**EXERCISE DATA**

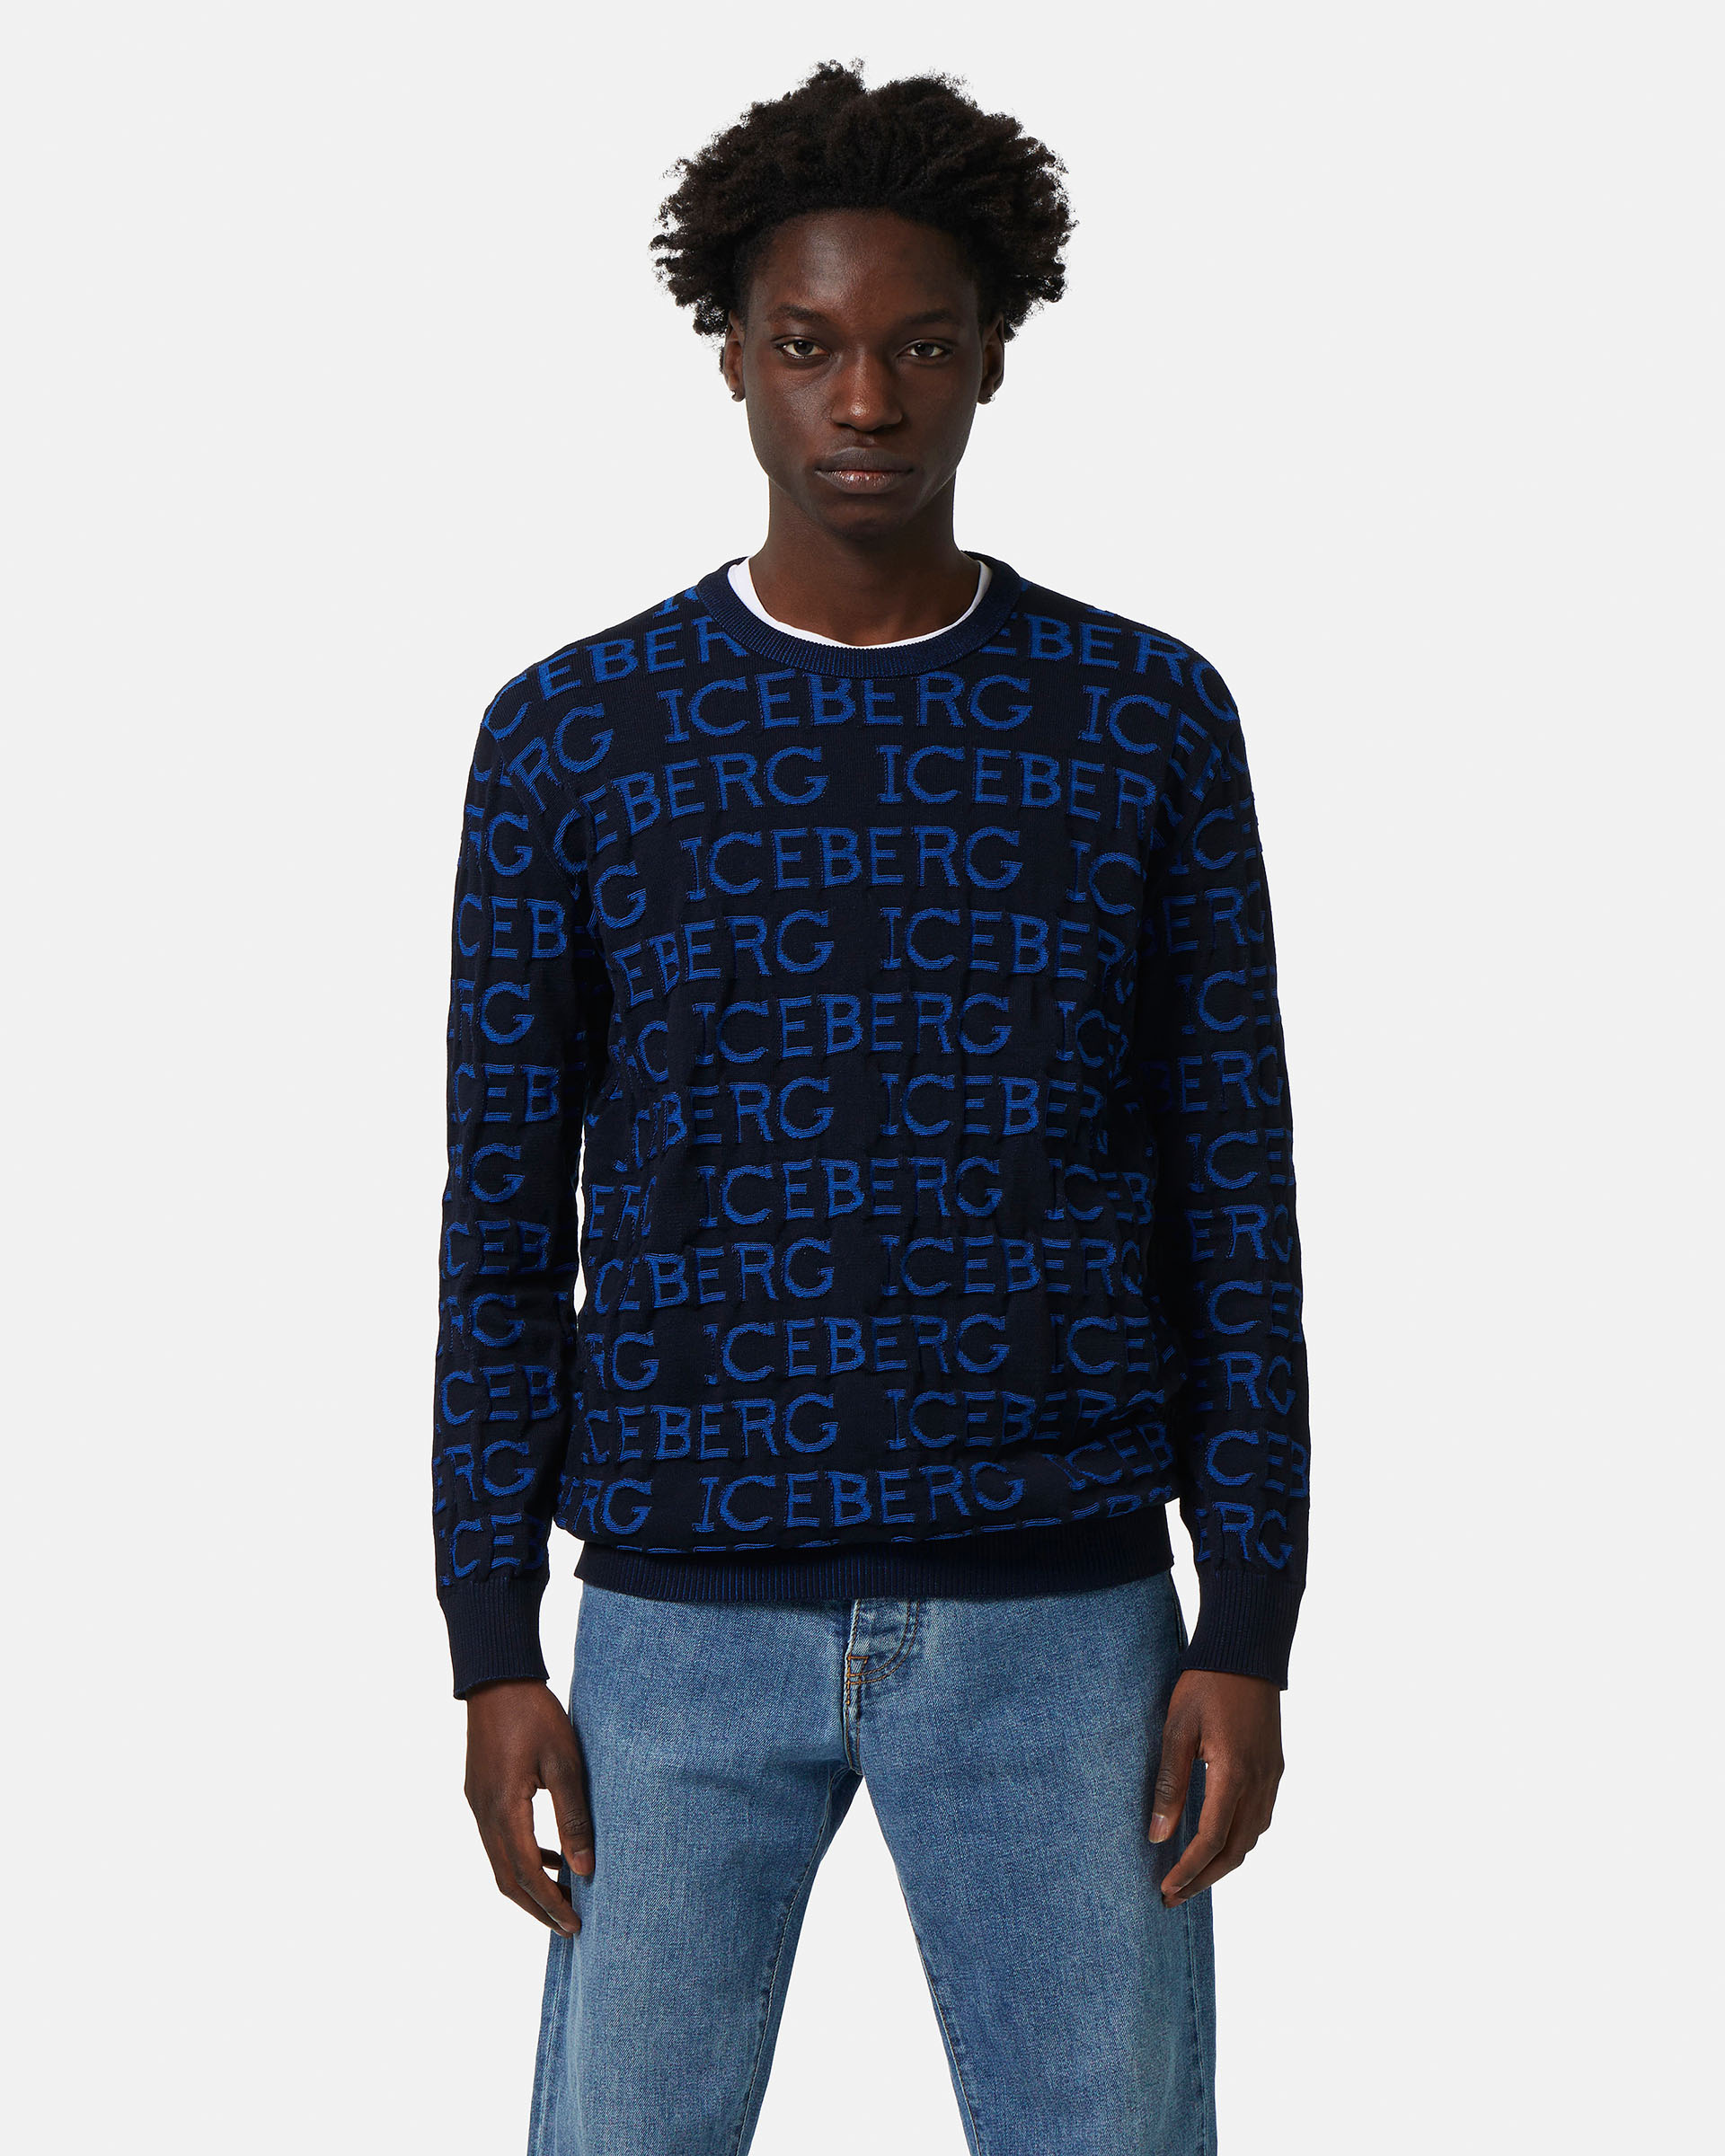 All-over 3D logo sweatshirt in navy blue
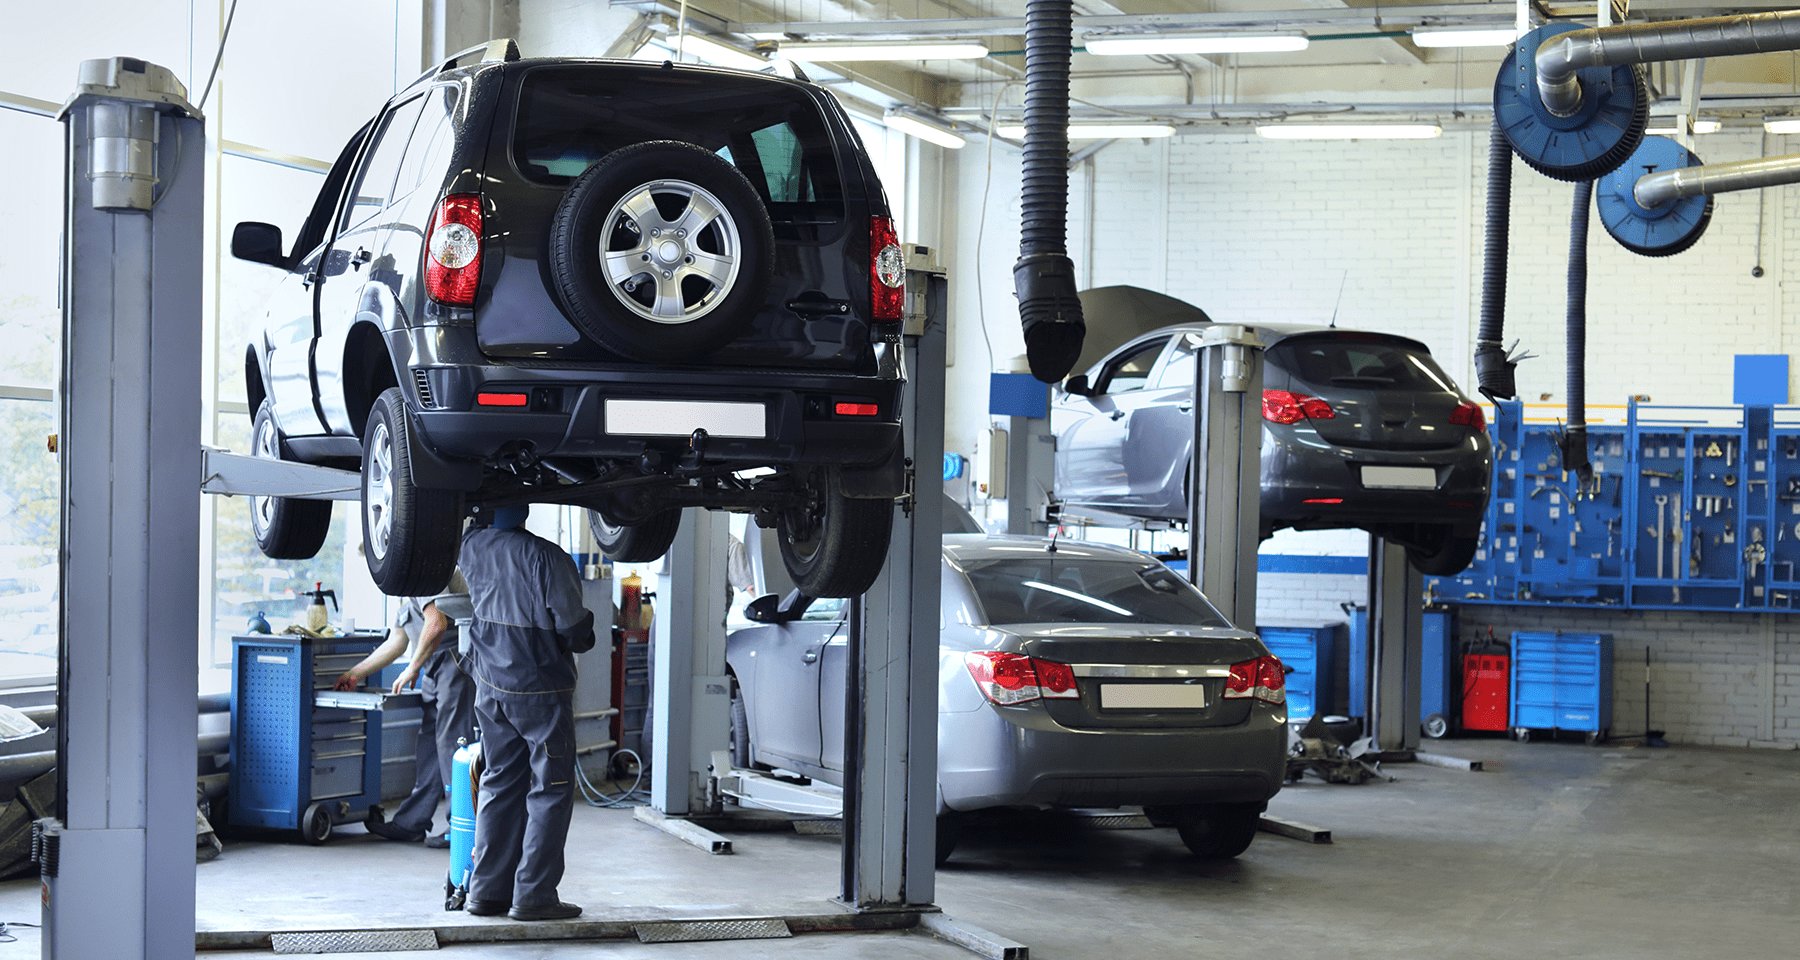 Запчасти для ремонта автомобиля найти все сложнее. Как сейчас урегулируют страховые случаи по каско?
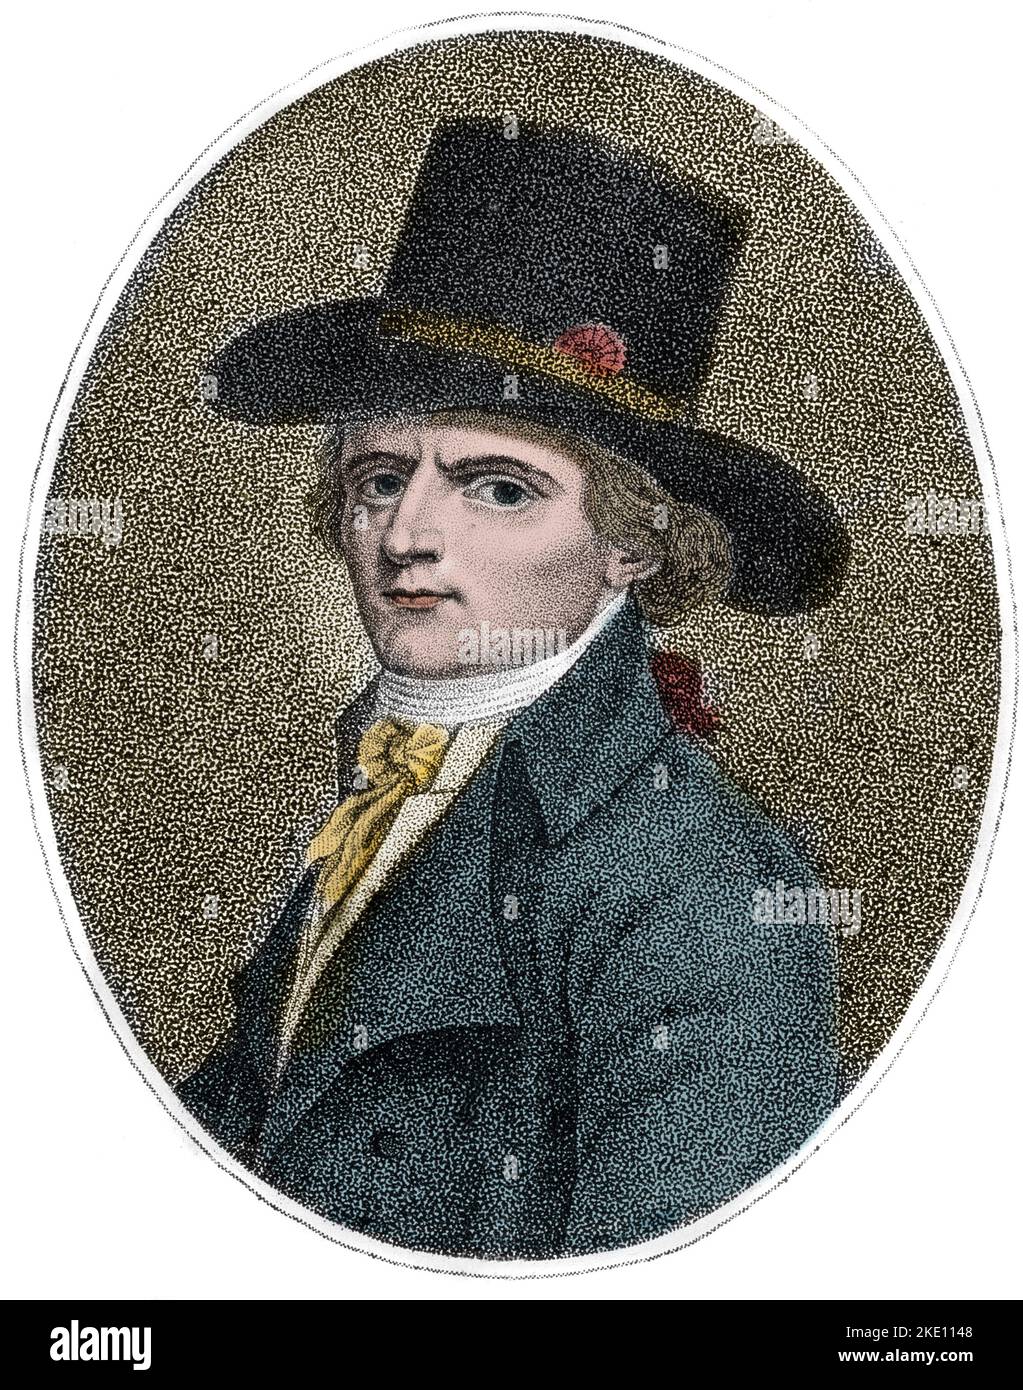 Portrait de Francois Babeuf dit Gracchus (1760-1797), revolutionnaire francais - Gravure de Bonneville, 1794. Stockfoto

**PROBLEM DETAILS**
All of the data must be given again exactly, without the pictures.

**EXERCISE ANSWER**
 All-over 3D logo sweatshirt in navy blue
 Запчасти для ремонта автомобиля найти все сложнее. Как сейчас урегулируют страховые случаи по каско?
 Portrait de Francois Babeuf dit Gracchus (1760-1797), revolutionnaire francais - Gravure de Bonneville, 1794. Stockfoto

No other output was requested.